Telegraf timeouts
rpatel3001 opened this issue · 14 comments
Getting a ton of the following error
Error in plugin: exec: command timed out for command 'bash /scripts/telegraf_input_readsb_protoc_range.sh':
The script takes just about 5 seconds (the default timeout) to run on my machine (pi 2B) running both readsb-protobuf and dump978 in docker as the only load. I fixed my issue by adding a 10s timeout line for this script in /rootfs/etc/cont-init.d/04-telegraf at line 92, but there may be a better fix.
Prometheus works well, thanks for that. Only complaint I have is that the schema is different in the database, though I don't know how much of that is in your control, and it's fairly easy to strip a few columns and a prefix from the field name.
Also, after updating to tonight image, I'm getting this spammed to my log every second:
readsb | [telegraf_vrs_connector] 2021/11/14 01:54:37 socat[19307] E connect(5, AF=2 127.0.0.1:33333, 16): Connection refused
Is this related or should I open a new issue? Does the VRS connector need to be enabled all the time?
The VRS connector outputs the JSON that I feed into Telegraf in order to produce the data for Influx/Prometheus. I’ll have to look into this one.
Ah I didn't notice before but aircraft data was no longer being logged. Fixed this one by replacing [[ -n "$INFLUXDBURL" ]] with [ -n "$INFLUXDBURL" ] || [ -n "$ENABLE_PROMETHEUS" ] in /etc/services.d/readsb/run. However, I'd prefer an option to turn off logging of aircraft data while keeping all the statistical data. Also, now getting
[readsb] 2021/11/14 21:21:57 Beast TCP output: Unable to send data, disconnecting: 192.168.0.10 port 39636 (fd 17, SendQ 19614)
at random intervals from 6 seconds to several minutes. The port changes every time, in the range of about 37000 to 48000 as far as I've seen. The IP is the server running influxdb/adsbx/tar1090. This might be a network issue on my end dropping the connection?
I'm seeing the same connection refused messages using the image mikenye/readsb-protobuf:v4.0.2.
[telegraf_vrs_connector] 2021/11/24 23:43:25 socat[8040] E connect(5, AF=2 127.0.0.1:33333, 16): Connection refused
however I didn't succeed in getting that metrics page served :(
@visibilityspots you can fix that message by either doing the manual fix mentioned above or by explicitly setting the VRS port environment variable in your docker compose file.

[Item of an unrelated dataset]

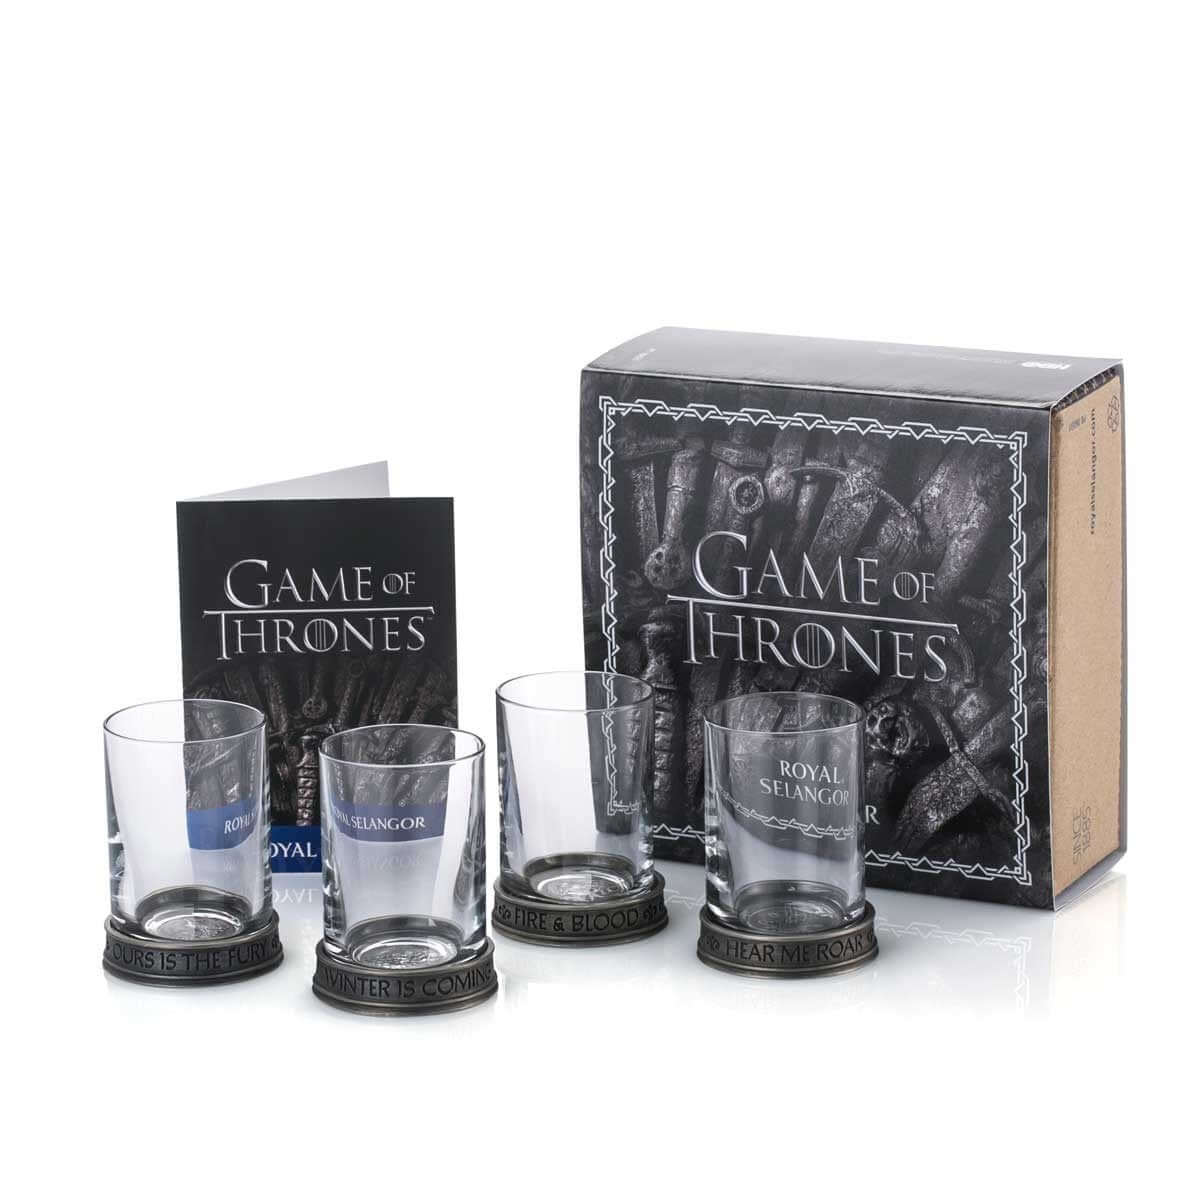 House Sigils Shot Glass Quartet - Game of Thrones Collectible Gift

yet I'm wondering what that VRS port should be?
Should be the same as the error message, 33333
perfect, prometheus works only got this error message at the beginning;
[telegraf] 2021-12-10T22:08:01Z E! [inputs.exec] Error in plugin: metric parse error: expected field at 72:31: "polar_range,bearing=71 range= 1639174080000000000"
and from time to time this time out;
[telegraf] 2021-12-11T03:14:09Z E! [inputs.exec] Error in plugin: exec: command timed out for command 'bash /scripts/telegraf_input_autogain.sh':
@rpatel3001 I'm wondering if you perhaps already translated the influxdb grafana dashboard to a prometheus based one and are willing to share that json code? I've got the obvious grafs already but need to figure out the ones with calculations :)
the first one is expected for a short time after container startup as per #21 (comment)
the second can be fixed similarly to my fix in the first post, insert timeout = "10s" at the end of /etc/telegraf/telegraf.d/inputs_file_autogain.conf and then killing telegraf. Note that this has to be done every time the container is restarted.
that explains thanks for the pointer! I've uploaded my version of the prometheus based grafana dashboard, could be used as a template to create an official one maybe @mikenye? I'll delete mine once there is an approved mikenye one ;)
https://grafana.com/grafana/dashboards/15377
I also adapted the existing InfluxDB v1 dashboard, a little further from the original than yours. JSON here: https://gist.github.com/rpatel3001/a703c6b70863ab29eea2af7a8196920a
I never was able to get the radar graph working for max range.
@rpatel3001 that gist is still using influx as a datasource?
@visibilityspots ah sorry, didn't fully read your question I guess. I'm using InfluxDB V2 to pull in the prometheus formatted data, not prometheus itself. The published dashboard uses Influx DB V1, which is incompatible with V2; my dashboard is modified to use V2.
[telegraf_vrs_connector] 2022/02/15 22:01:56 socat[427] E connect(5, AF=2 127.0.0.1:33333, 16): Connection refused
I am getting this issue when the container starts. I have READSB_NET_VRS_PORT=33333
set, but I still get the same error.
EDIT: Ignore, its working fine. It only throws an error once at startup.